# chico my 1st tiel..



## icefox23 (Feb 24, 2011)

here are some pics of my 1st tiel named CHICO..,he is 3months old in this pics..
:blink::blink::blink:

1.









2.









3.









4.









comments are appreciated..tnks for viewing..


----------



## Cody (Feb 22, 2011)

Awww, what a sweet tiel  Chico looks really cute he has those puppy dog eyes.  How old is Chico now?


----------



## brittbritt (Oct 25, 2008)

I love the puppy dog eyes too.
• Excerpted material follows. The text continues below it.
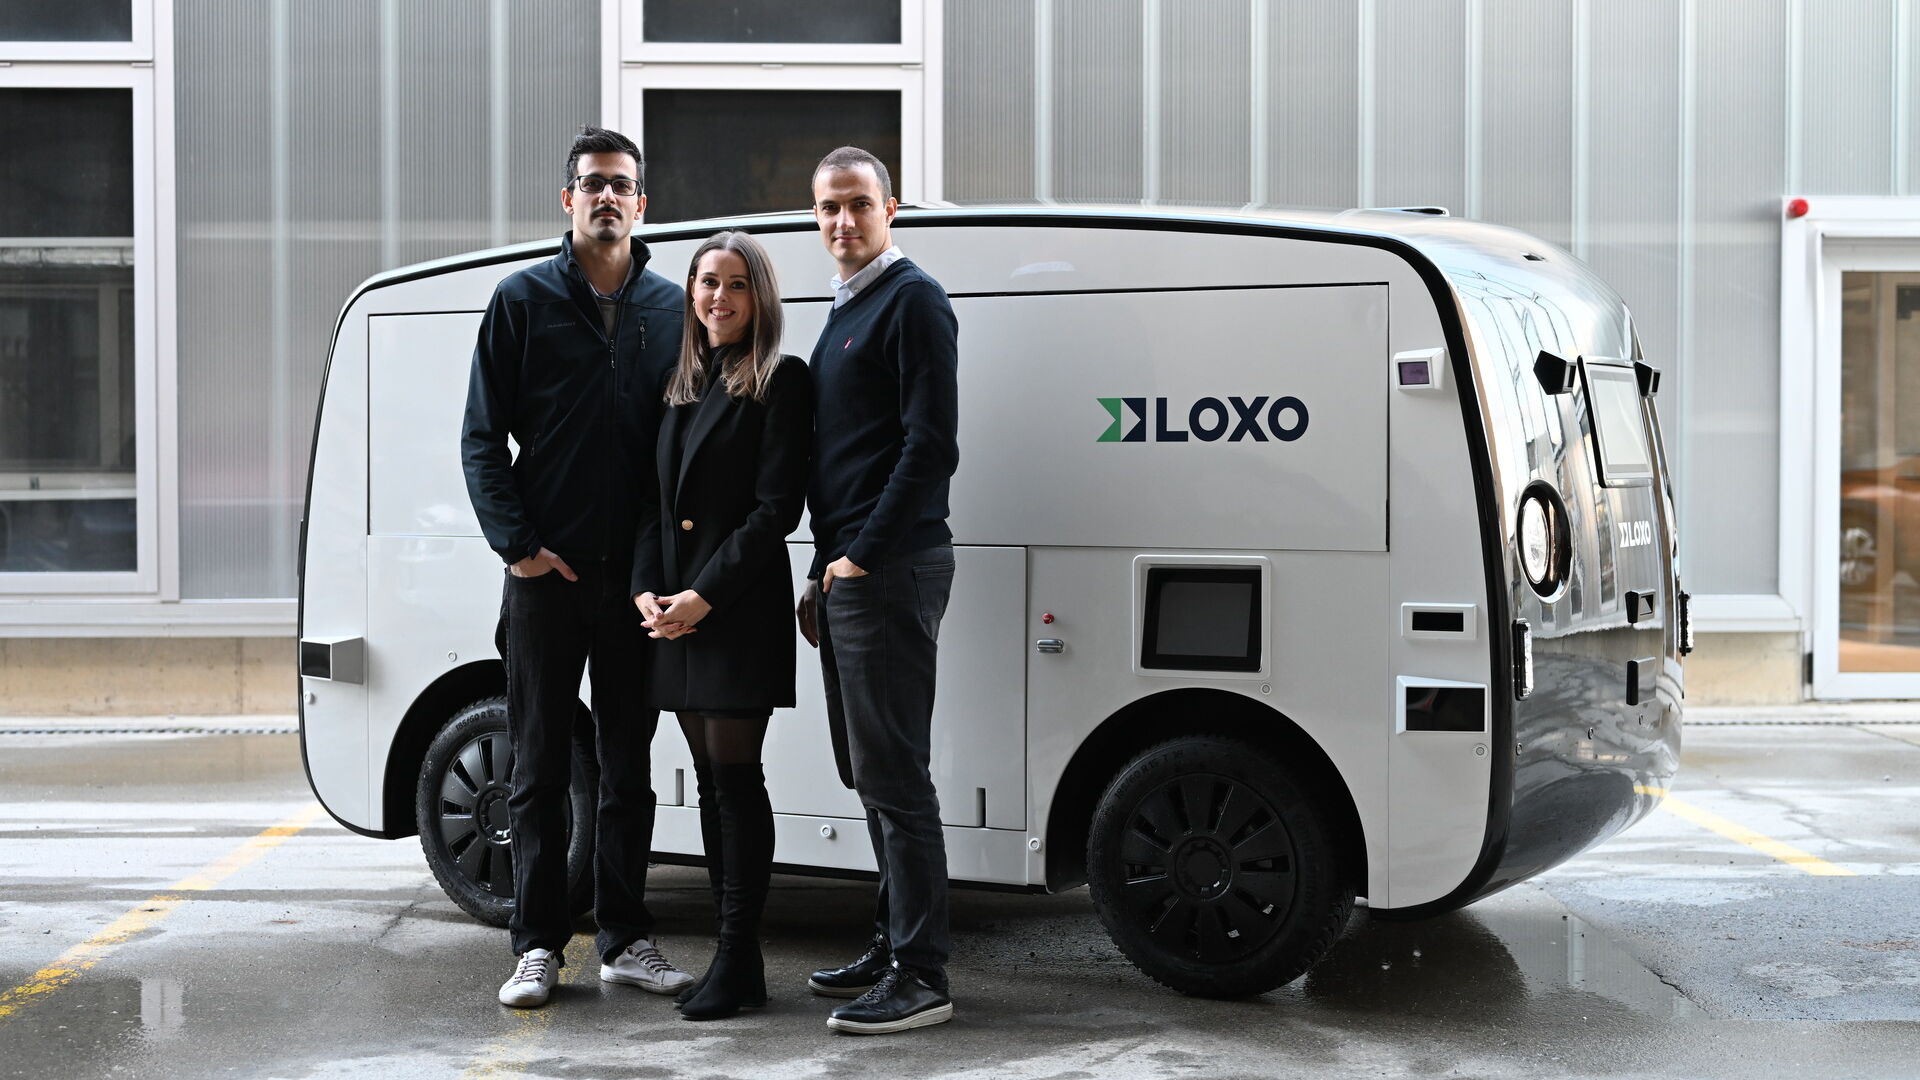 LOXO: Амин Амини, Лара Амини-Рентш и Клаудио Паницца, основатели бернского стартапа LOXO, полностью построили в Швейцарии беспилотный фургон Alpha для краткосрочных поставок.

What an innocent and sweet looking baby.


----------



## xxxSpikexxx (Jul 30, 2007)

He is really cute  It looks like he could use some more perches for feet excersise and a variety of bird toys. I would take out the fan and whistle the metal in the whistle is probably not safe. Here are some links about perches and toys to help you choose  
Perches http://www.birdchannel.com/bird-housing/bird-housing-accessories/choosing-a-perch.aspx, http://www.birdchannel.com/bird-housing/bird-housing-accessories/bird-perch-types.aspx and toys http://www.birdchannel.com/bird-housing/bird-toys/toys-play-groups.aspx and a site the teaches you how to make some toys http://www.cheepparrottoysntips.com/index.html


----------



## Larakat (Feb 23, 2011)

Chico is a handsome young boy. Congratulations. What big eyes! He's so cute.


----------



## lperry82 (Aug 2, 2010)

Chico is so adorable


----------



## RobinWalters (Feb 10, 2011)

Good looking baby!


----------



## icefox23 (Feb 24, 2011)

Cody said:


> Awww, what a sweet tiel  Chico looks really cute he has those puppy dog eyes.  How old is Chico now?


tnks karin, chico is just 3months old now,just taken he's pics last 2 weeks ago.....tnks for viewing,cody...


----------



## icefox23 (Feb 24, 2011)

xxxSpikexxx said:


> He is really cute  It looks like he could use some more perches for feet excersise and a variety of bird toys. I would take out the fan and whistle the metal in the whistle is probably not safe. Here are some links about perches and toys to help you choose
> Perches http://www.birdchannel.com/bird-housing/bird-housing-accessories/choosing-a-perch.aspx, http://www.birdchannel.com/bird-housing/bird-housing-accessories/bird-perch-types.aspx and toys http://www.birdchannel.com/bird-housing/bird-toys/toys-play-groups.aspx and a site the teaches you how to make some toys http://www.cheepparrottoysntips.com/index.html


tnks for the advice,xxxSpikexxx..i'll take note of that..tnks for viewing..


----------



## icefox23 (Feb 24, 2011)

Larakat said:


> Chico is a handsome young boy. Congratulations. What big eyes! He's so cute.


tnks larakat,,i didnt know that he had puppy eyes..hehehehe..
unless you guys had told me...he really looks inocent,,hehehe


----------



## icefox23 (Feb 24, 2011)

lperry82 said:


> Chico is so adorable


tnks for viewing lperry82,,,,


----------